Further, according to the present invention, there is an effect that the circuit configuration can be simplified by removing the RF filter from the high-frequency element in which the directional antenna is formed.

Further, according to the present invention, by providing a moving mechanism for moving at least one of a plurality of superconducting planar array antennas stacked in a plane direction, the directivity of the antenna can be freely controlled. .

[Brief description of the drawings]

FIG. 1 is a plan view showing one of a plurality of superconducting planar array antennas constituting a high-frequency device of the present invention.

FIG. 2 is a conceptual diagram illustrating a high-frequency device according to a first embodiment of the present invention.

FIG. 3 is a diagram illustrating a configuration of a high-frequency device according to a third embodiment of the present invention.

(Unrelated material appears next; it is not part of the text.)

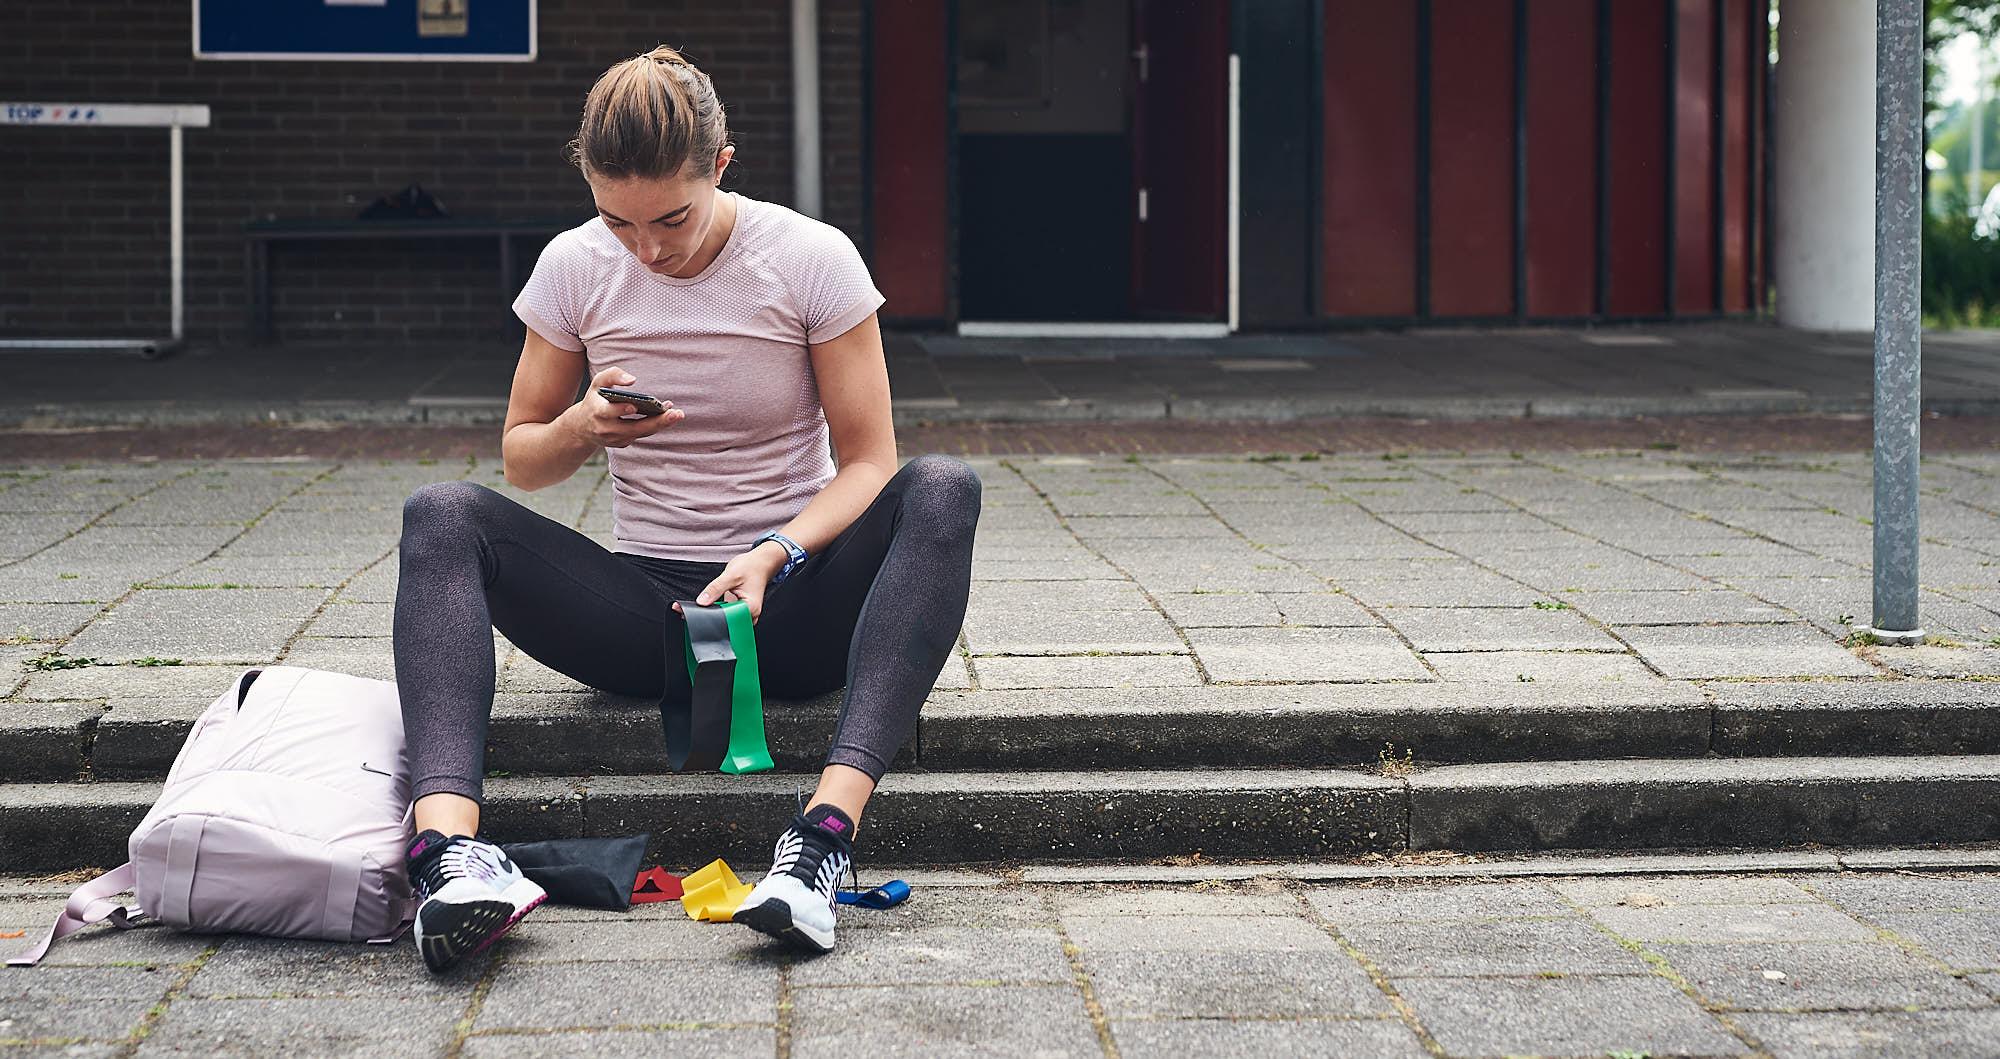 Hurdles athlete Bianca Baak preparing for training

FIG. 4 is a diagram illustrating a configuration of a high-frequency element according to a fourth embodiment of the present invention.

FIG. 5 is a diagram illustrating characteristics of a high-frequency element according to a fourth embodiment of the present invention.

FIG. 6 is a diagram illustrating a configuration of a high-frequency device according to a fifth embodiment of the present invention.

[Explanation of symbols]

1, 2, 3, 4 Superconducting antenna 5, 504 Strip line 6 Substrate 102, 302, 401, 501 Lower superconducting planar array antenna 101, 301, 402, 502 Upper superconducting planar array antenna 503 Integrated circuit 505 Mixer 506 LO filter 507 IF filter 508 Opening

 ──────────────────────────────────────────────────続 き Continued on the front page (72) Inventor Taketomi Kamikawa 3-5-5 Yamato, Suwa-shi, Nagano Seiko Epson Corporation

Claims (10)

[Claims] 1. A high-frequency device comprising a plurality of superconducting planar array antennas each having a plurality of superconductor antennas formed in parallel on the same substrate. 2. The high-frequency device according to claim 1, wherein each of the plurality of superconducting planar array antennas has the same pattern. 3. The high frequency device according to claim 2, wherein the patterns of the superconducting planar array antennas are stacked at positions where they are excited. 4. The high frequency device according to claim 3, wherein power is supplied to at least one of a plurality of superconducting planar array antennas. 5. The method according to claim 5, wherein the thickness of the substrate is set to 0.0.
4. The high frequency device according to claim 3, wherein the value is 5 to 0.4. 6. The high-frequency device according to claim 2, wherein power is supplied to each of the plurality of superconducting planar array antennas stacked, and the power supply position and the phase of each superconducting planar array antenna are shifted by 180 °. 7. The high-frequency device according to claim 2, wherein the patterns of the superconducting planar array antennas are stacked while being shifted in a plane direction. 8. A plurality of superconducting planar array antennas each having an opening provided therein, and a filter and a strip line circuit having at least a mixer made of a superconductor are superimposed below a lowermost superconducting planar array antenna. A high frequency device characterized by the above-mentioned. 9. A high-frequency element provided with a directional antenna, wherein an RF filter is removed. 10. A high-frequency device comprising a moving mechanism for moving at least one of a plurality of superconducting planar array antennas stacked in a plane direction.